È il panino per antonomasia, da spaccare in due e farcire con ogni bendidio per un pranzo al sacco che non stanca mai: merenda dei più piccoli, pausa pranzo dei lavoratori, la ciabatta fa parte dei pani tradizionali italiani, pur essendo in realtà un prodotto di storia piuttosto recente. Nelle boulangerie francesi, quei paradisi dell’arte bianca dove trovare croissant, quiche e baguette, si trova già da tempo, ma quest’estate tra i fornai d’oltralpe si è aperto un dibattito: olio sì o olio no?
La ciabatta, il panino italiano nato negli anni '80
Si sa, in cucina ogni ricetta è soggetta a discussioni, diatribe, e ogni prodotto cambia a seconda della mano dell’artigiano, della zona, del passare del tempo. Più curiose sono le storie che ruotano attorno a dibattiti simili: per esempio, per molto tempo, francesi (ma non solo) hanno pensato che la ciabatta fosse la risposta italiana alla baguette francese, una specie di mossa strategica per fare concorrenza alla grande panificazione delle boulangerie, teoria che ha alimentato ancora di più quell’eterna competizione tra le due cucine, entrambe ricche, entrambe buonissime. Una gara gastronomica di lungo corso: vino, cioccolato, formaggi, alta cucina… è sempre una sfida aperta, quella tra Francia e Italia. In questo caso, però, i fatti parlano chiaro: la ciabatta è stata inventata da Arnaldo Cavallari negli anni ‘80 per salvare il mulino di famiglia in tempo di crisi. Lo specifica anche Alessandra Pierini, italiana trapiantata a Parigi, autrice ed editor della trasmissione On va Degustér, oltre che co-autrice dell’omonimo libro: “Vedendo che importavamo il pane dall’estero, congelato, per fare i panini, Cavallari decise di farne uno lui stesso”.

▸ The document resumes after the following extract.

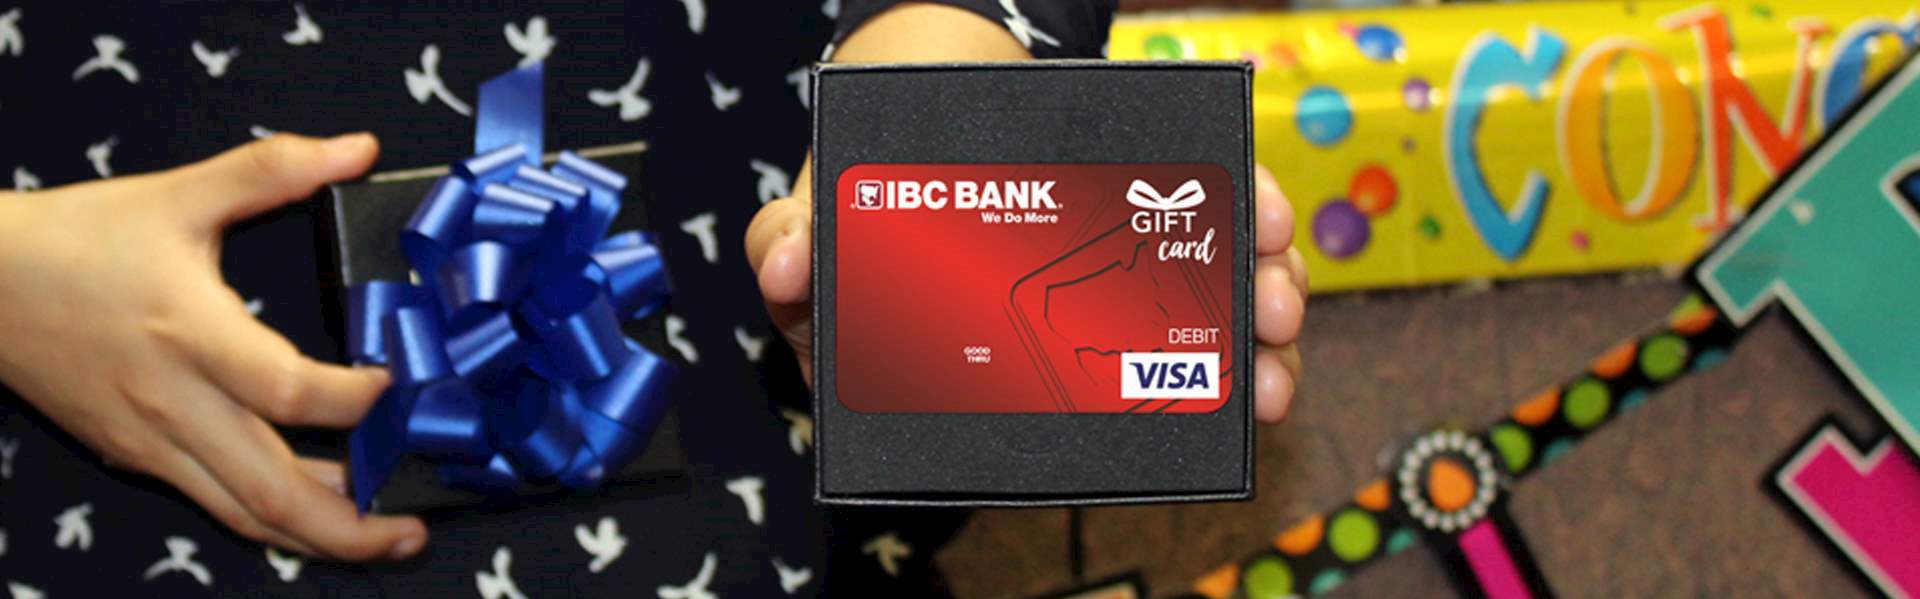 IBC Bank IBC Visa Gift Card

Il successo della ciabatta italiana
La storia è questa: originario di Adria, in Veneto, Cavallari ha messo a punto insieme a un amico fornaio una ricetta povera, senza grassi, e quindi senza olio d’oliva, pensando una miscela di farine adatta per la preparazione, così che il mulino potesse risollevarsi dalle difficoltà economiche. Vero è che il giovane girò molto per riuscire a studiare il prodotto, lasciandosi ispirare anche dalla baguette francese. Una lievitazione lenta e una buona percentuale di acqua furono i trucchi usati per dare vita a uno dei pani più famosi del mondo. Cavallari lo ribattezzò ciabatta polesana (Polesine è la regione del Veneto della provincia di Rovigo) ma poi negli anni è passato alla storia, più semplicemente, come ciabatta. Un pane croccante fuori e ben alveolato all’interno, ideale da farcire a piacere. Fu un successo in Italia ma anche negli altri Paesi: è del ’99 un articolo del Guardian che racconta la tanto popolare ciabatta italiana, diventata un punto fermo tra gli scaffali del supermercato da quando la catena Marks & Spencer l’ha introdotta nell’85.
A contribuire alla larga diffusione del pane furono soprattutto gli Autogrill, che scelsero la ciabatta come panino simbolo della sosta in autostrada, farcito e piastrato. Ma come deve essere una buona ciabatta? Secondo la Pierini “deve avere una mollica bianchissima, molto aerea, una buona idratazione” e va servita possibilmente tostata. Per rispondere ai dubbi dei francesi, comunque, in origine l’olio non era tra gli ingredienti previsti. Col tempo, però, ogni panificatore che si rispetti ha cominciato a sperimentare con il prodotto, quindi non è raro trovare ricette diverse che comprendano anche l’extravergine.